Daily cost chart: A line graph of daily spend over time. Trends matter more than absolutes — a gradual increase is expected as users grow, a sudden spike means something broke or someone's abusing the system.
All cost queries use UTC consistently. This was a bug fix bundled into the feature — some queries were using local time, some UTC, which made daily aggregations wrong when the server timezone didn't match the query timezone.
30-Day Message Retention
Chat history grows linearly. Every message from every user, stored forever. For a prototype with 10 users, this doesn't matter. For a product, it's a ticking time bomb.
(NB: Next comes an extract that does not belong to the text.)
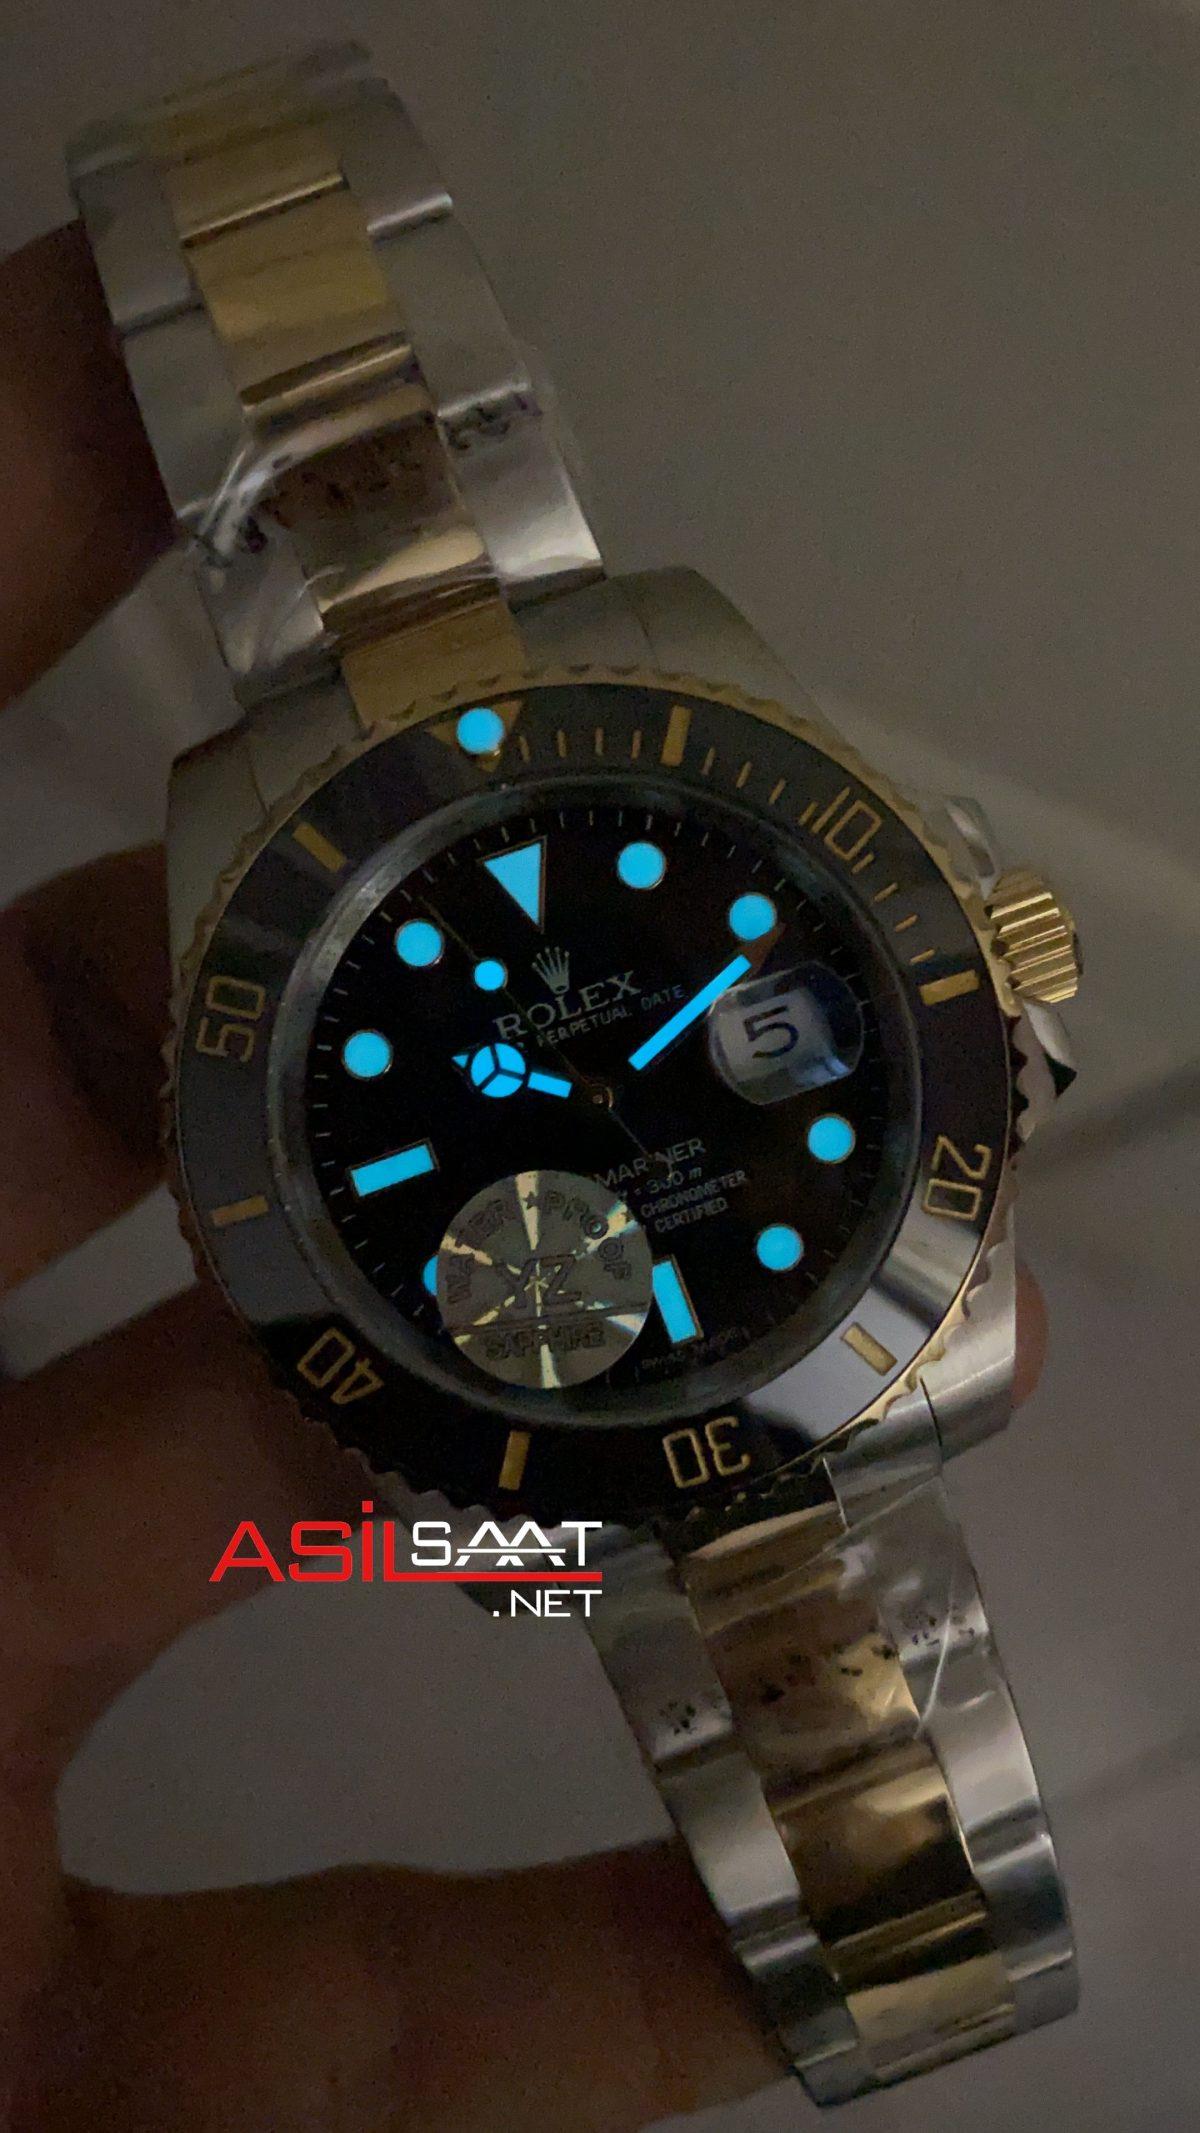 Rolex Submariner 116613 LN ROLS006

Mio's memory system already extracts important information from conversations into long-term memory entries. The raw messages are mostly redundant after extraction — you don't need the actual chat logs from three weeks ago when the memories capture the essentials.
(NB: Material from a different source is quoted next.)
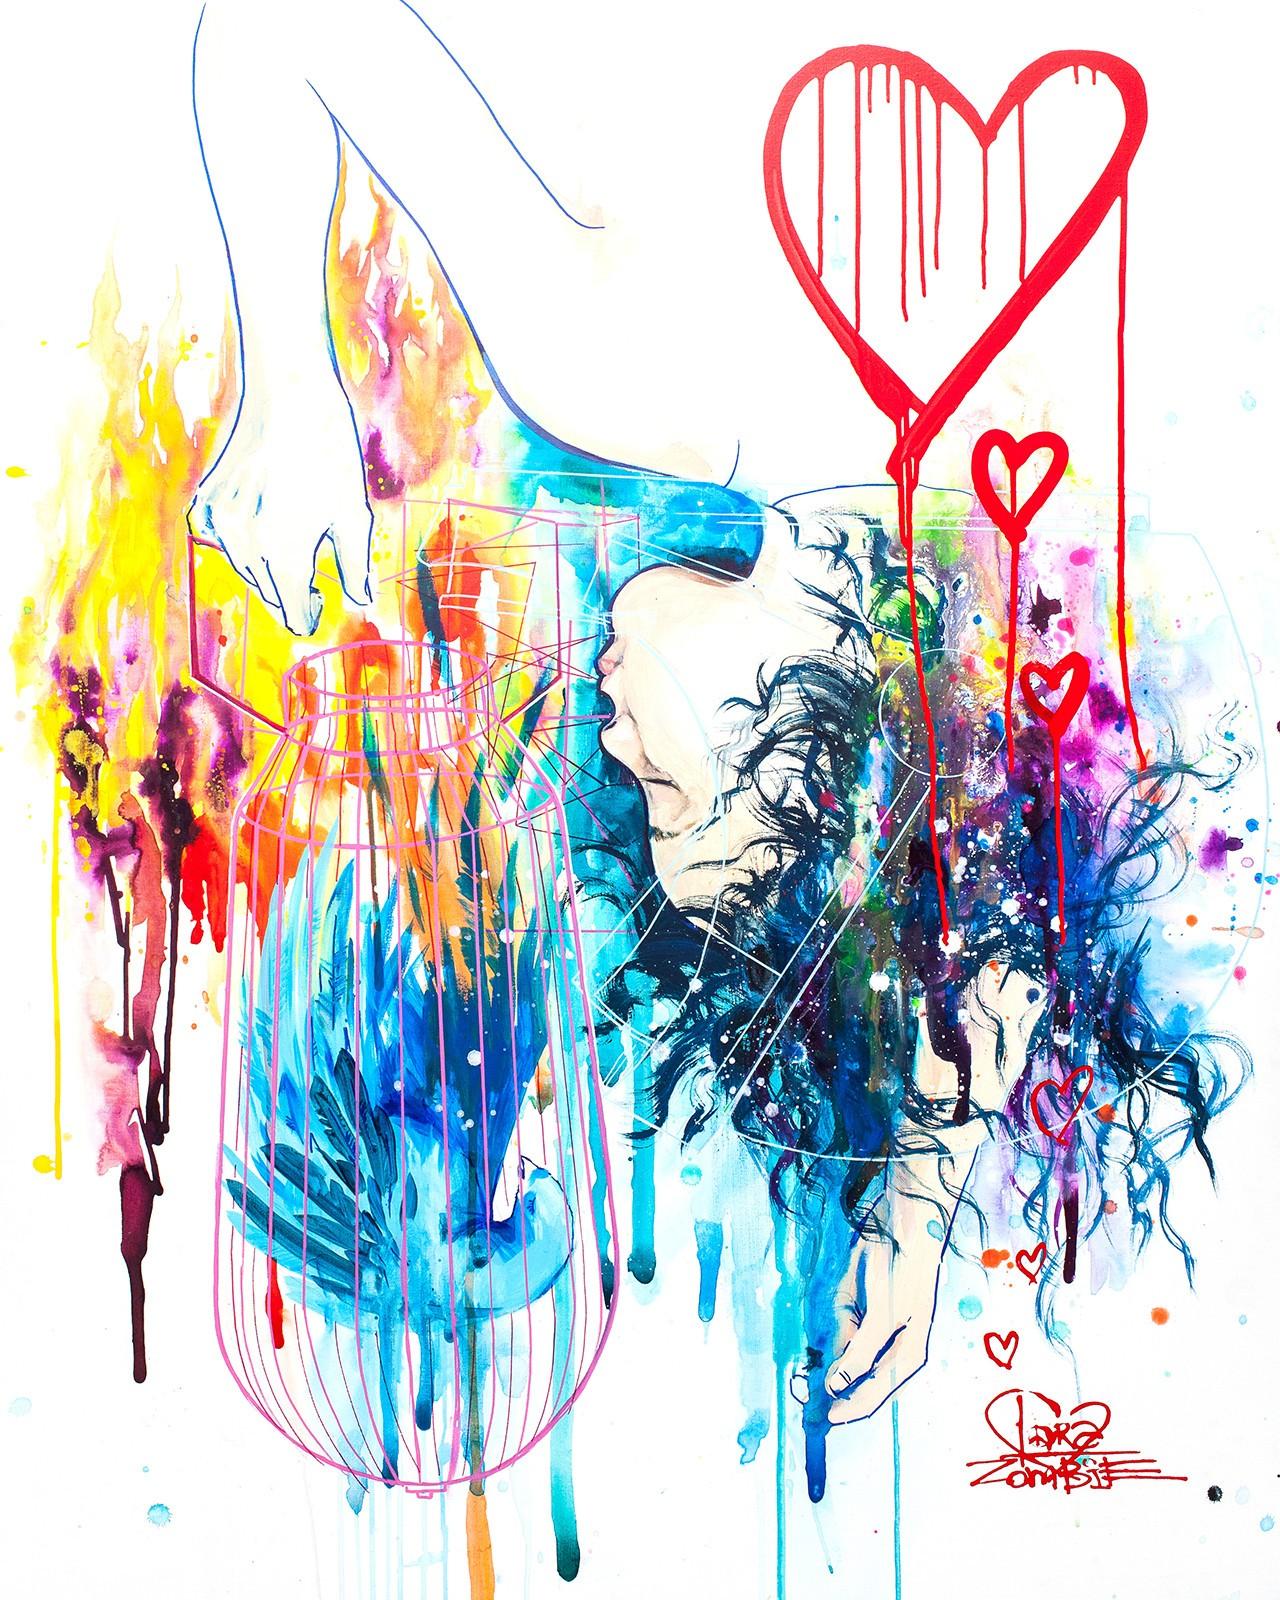 Fond d 39 cran color la peinture illustration dessin - Dessin colore ...

v0.1.1 adds a pg_cron job that runs daily at 4am UTC:
SELECT cron.schedule(
'delete-old-messages',
'0 4 * * *',
$$DELETE FROM messages WHERE created_at < NOW() - INTERVAL '30 days'$$
);
A B-tree index on created_at makes the deletes efficient — no full table scan, just an index range lookup and batch delete. The cron job runs during off-peak hours when most users (primarily in Asian timezones) are asleep.
Why 30 days? Long enough that recent context is always available for the LLM. Short enough that the database doesn't grow without bound. The memory system has already processed anything older than a few days, so the raw messages are redundant.
No soft deletes, no archival, no "move to cold storage." Just delete. The messages served their purpose — they were part of a conversation, the important bits were extracted into memories, and now they can go.
Persona Updates
Two practical changes to the persona presets.
情侣 relationship support: The mimi-guimi and surou-xuejie presets now have specific behavior patterns for 情侣 (romantic partner) relationships. Before, choosing 情侣 with these personas felt generic — they'd default to friendly behavior because they had no romantic-specific guidelines. Now each has tailored responses for romantic contexts — how they express affection, jealousy, missing you, goodnight routines.
keke-taimei Traditional Chinese: Keke's entire preset — identity definition, behavior rules, personality config, communication guidelines — is now fully in Traditional Chinese. Keke is a Taiwanese character. The persona should think in Traditional Chinese, not Simplified Chinese that gets surface-level converted. The difference shows up in word choice: 軟體 not 软件, 訊息 not 消息, 蠻好的 not 挺好的. It's the difference between a Taiwanese person and a mainlander doing a Taiwanese accent.
Bug Fixes
Discover page crash: The Discover page (where users browse available personas) was crashing on load. A component expected an array, received undefined. The fix was a defensive check — personas ?? [] — but the root cause was an API response shape change that wasn't propagated to the frontend.
AgentResponse shape mismatch: The agent response type had drifted between the server and client. The server was returning { text, voice?, selfie? }, the client expected { content, media? }. Aligned to a single shared type.
Voice player cleanup: The VoicePlayer component wasn't cleaning up its Audio object on unmount. If a user navigated away while a voice message was playing, the audio continued in the background. Added a cleanup function in the useEffect return.
What Changes
Before v0.1.1: Mio's voice and face existed, but only Telegram users experienced them. The web client was a text chat with extra steps. Onboarding asked for your timezone even though the browser already knew it. No visibility into costs. Messages accumulated forever.
After v0.1.1: the web client is a full peer to Telegram — voice waves pulse, selfies appear inline, media uploads have previews. Onboarding is three questions, and the second one adapts to the first. Costs are visible at a glance. And the database cleans up after itself, because a product that grows without bound isn't a product — it's a liability.